Tehran Adds Council on Cyberspace, Private Network for Revolutionary Guards

The Wall Street Journal

 

By FARNAZ FASSIHI  16 March

BEIRUT—Iran hasn’t been shy about its bids to monitor, filter and block content on the Internet. Now it has taken the next leap, turning online censorship into an institution.

In the past week, the government has announced it has formed a high council dedicated to cleansing the country’s Internet of sites that threaten morality and national security, launching what amounts to a centralized command structure for online censorship.

The Supreme Council of Cyberspace, created by decree last week by Supreme Leader Ayatollah Ali Khamenei, includes heads of intelligence, militia, security and the powerful Iranian Revolutionary Guard Corps, as well as media chiefs. Charged with supervising all cyberactivity, it will have the power to enact laws, according to state media.

The body will have its own budget and offices, a member of the council said in an interview with state media on Wednesday.

In announcing the council, Iran unites Internet-control initiatives that have previously been floated in state media. Along with other moves in the past week, it shows that the Islamic Republic, after long viewing the Internet as a minor nuisance, has fully embraced the view that Iran’s vibrant online activity is a destabilizing threat.

The Revolutionary Guards, or IRGC, said last week it has rolled out a secure internal network for high-level commanders, underscoring Tehran’s concerns about outside threats to its government’s online activities. Iran also announced in the past week that its “Cyber Army,” as it styles its legion of government hackers and bloggers, has reached 120,000, a number impossible to corroborate but well above previous tallies.

In an annual report released Monday, the group Reporters Without Borders ranked Iran the No. 1 enemy of the Internet in 2012. It was ahead of 11 other countries—including Saudi Arabia, Bahrain, Syria, China and Belarus—that the group says restrict Internet access, filter content and imprison bloggers.

The Iranian council’s mandate became clearer Wednesday when one of its members, conservative cleric Hamid Shahriari, said the council was the result of a year and a half of weekly meetings between security chiefs and Khamenei representatives. “We are worried about a portion of cyberspace that is used for exchanging information and conducting espionage,” he said in an interview with the semiofficial Mehr news agency.

“We have identified and confronted 650 websites that have been set up to battle our regime—39 of them are by opposition groups and our enemies, and the rest promote Western culture and worshiping Satan, and stoke sectarian divides,” he said. He didn’t name the sites or clarify whether they had already been filtered. Mr. Shahriari said the council would also “focus and facilitate positive aspects of the Internet, like business and trade.”

The Internet dominated a well-known Friday prayer sermon on March 9, which is televised from the campus of Tehran University.
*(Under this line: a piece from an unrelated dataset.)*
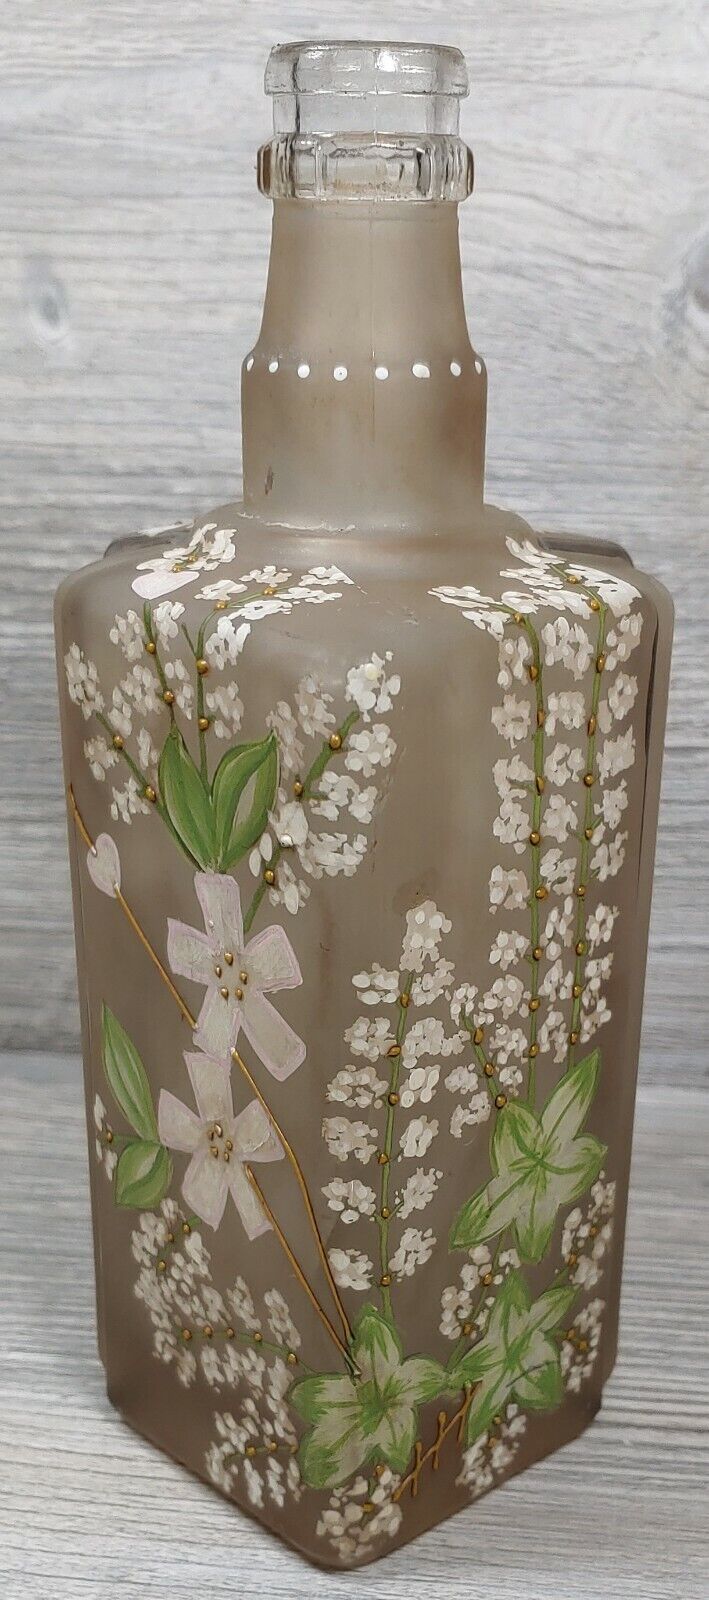 Japanese Glass Decanter Bottle Hand Painted Cherry Blossom Floral Design Vintage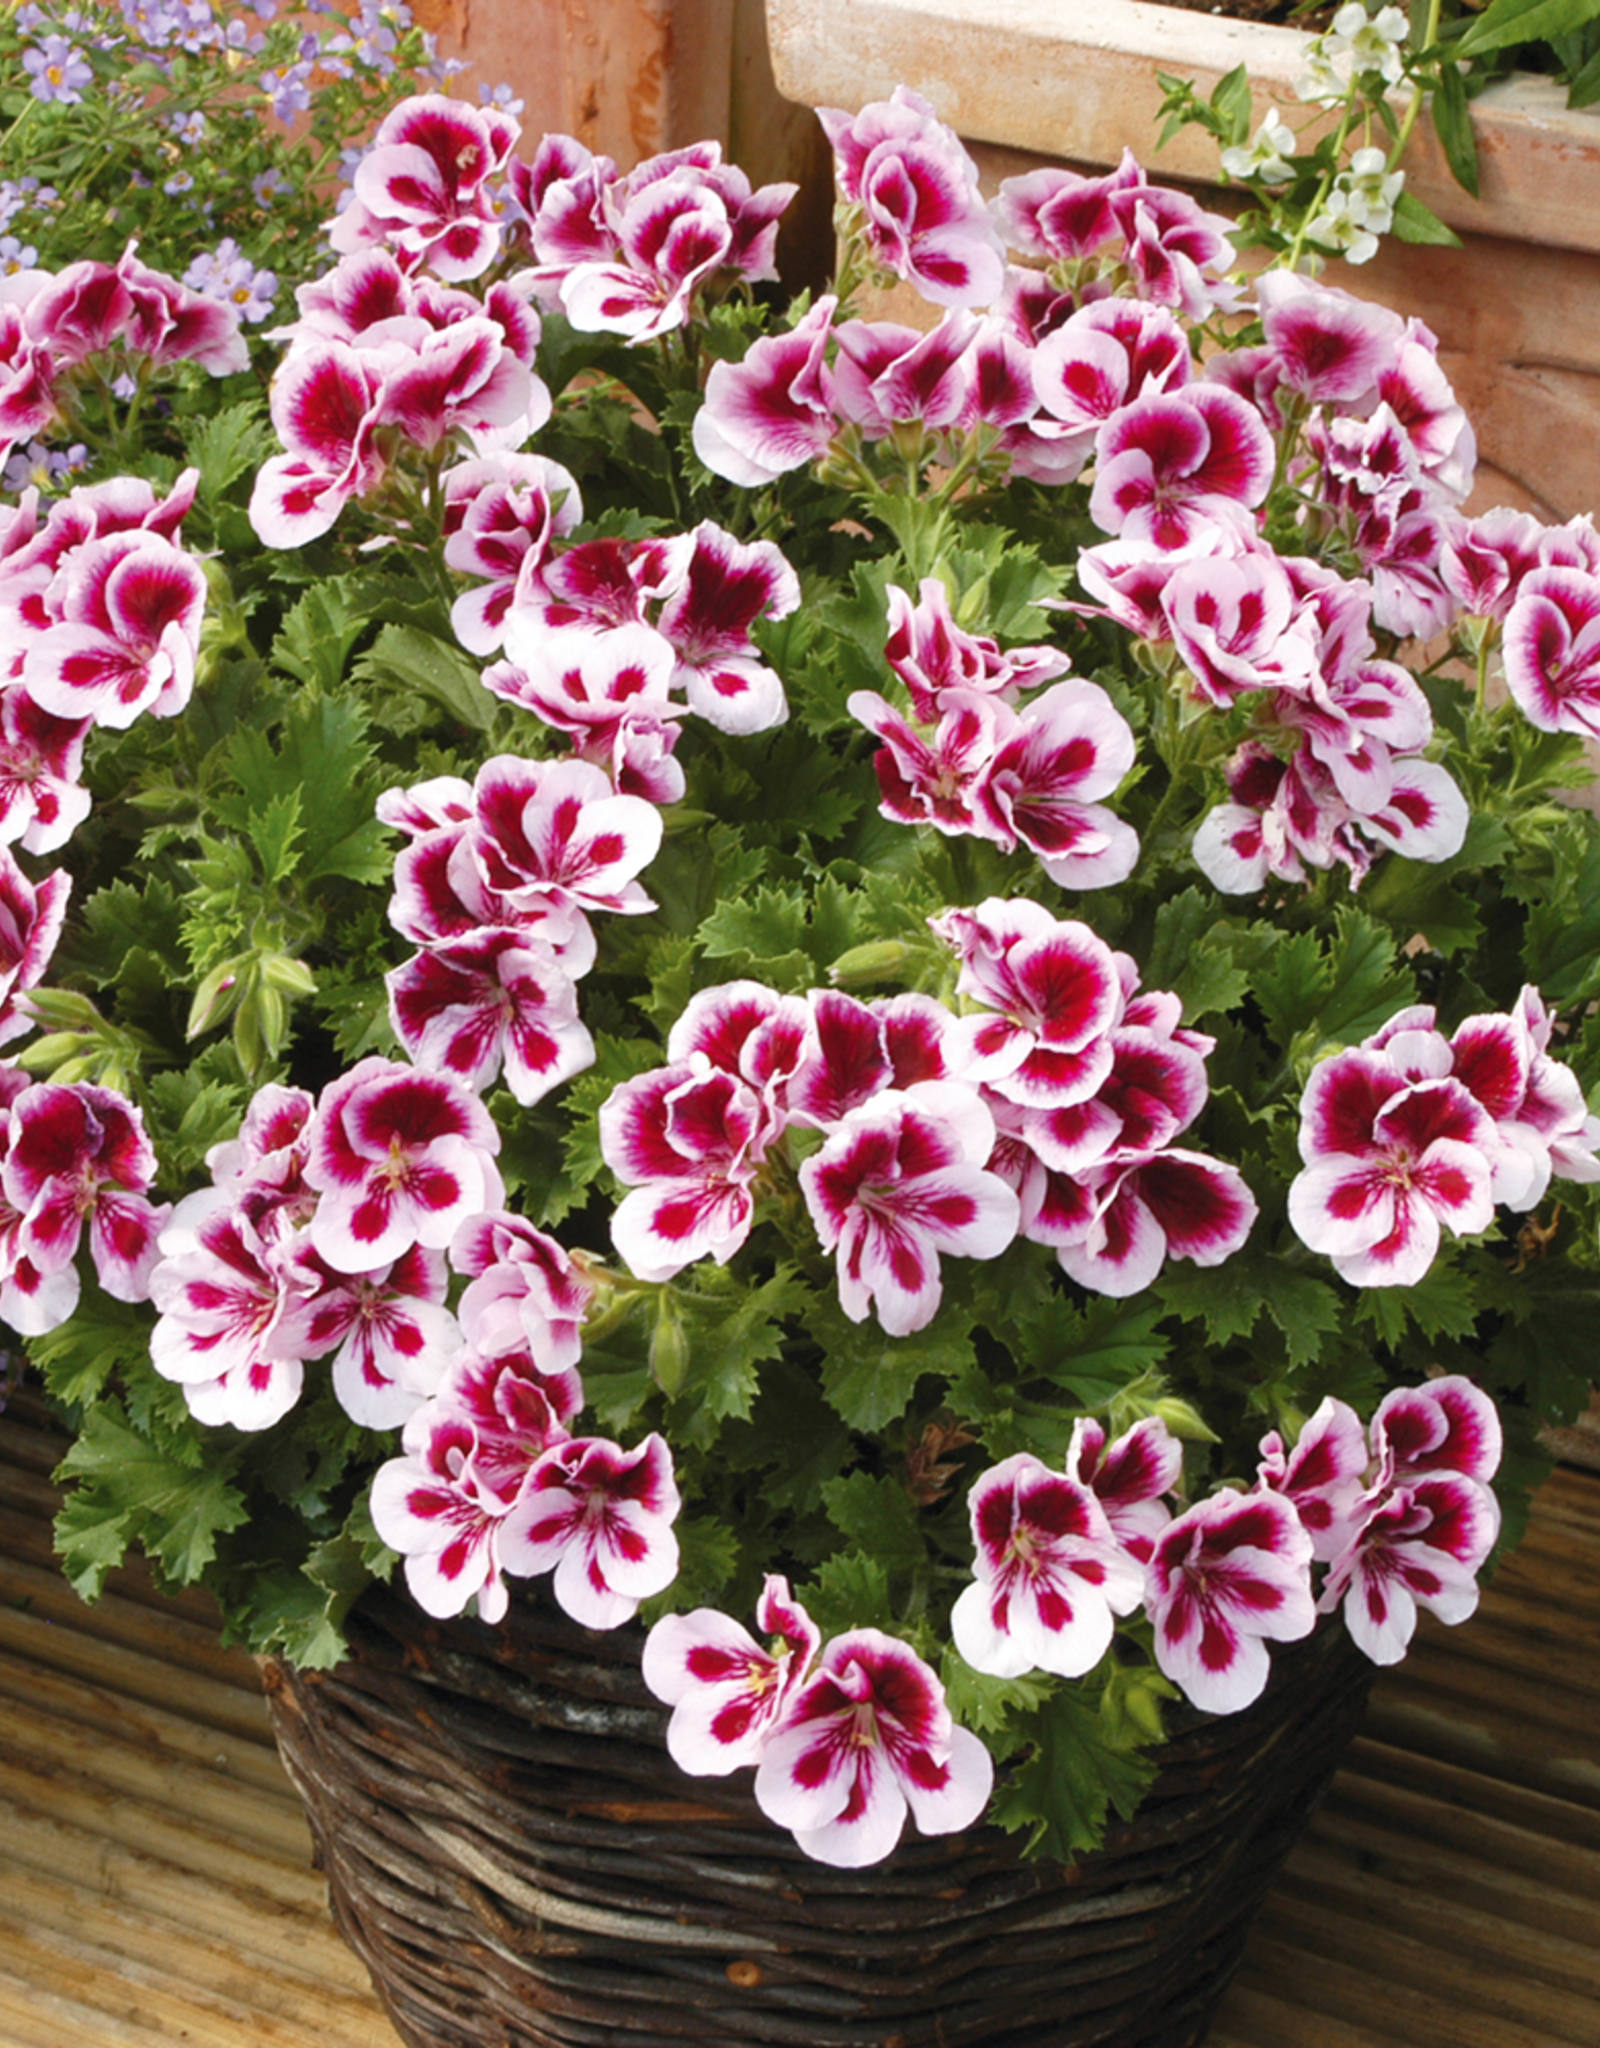 Pelargonium Candy Flowers® Bi-color 5.5 inch

Ayatollah Ahmad Jannati, an 85-year-old cleric, called cyberspace a “very serious danger” and praised the new council, urging Iranians to comply with the government’s laws and restrictions.

The IRGC’s new network—named Basir, or “Perceptive”—is a domestically built, secure telecommunication channel that will allow its highest-level officers to communicate and command brigades in the case of an attack, the guard’s newspaper, Sobhe Sadegh, reported last week.

“We are not in an imaginary state of threats and sanctions,” Hossein Salami, the deputy commander in chief of the IRGC, said during the network’s inauguration ceremony last week, according to Iranian media reports. “We must prepare.”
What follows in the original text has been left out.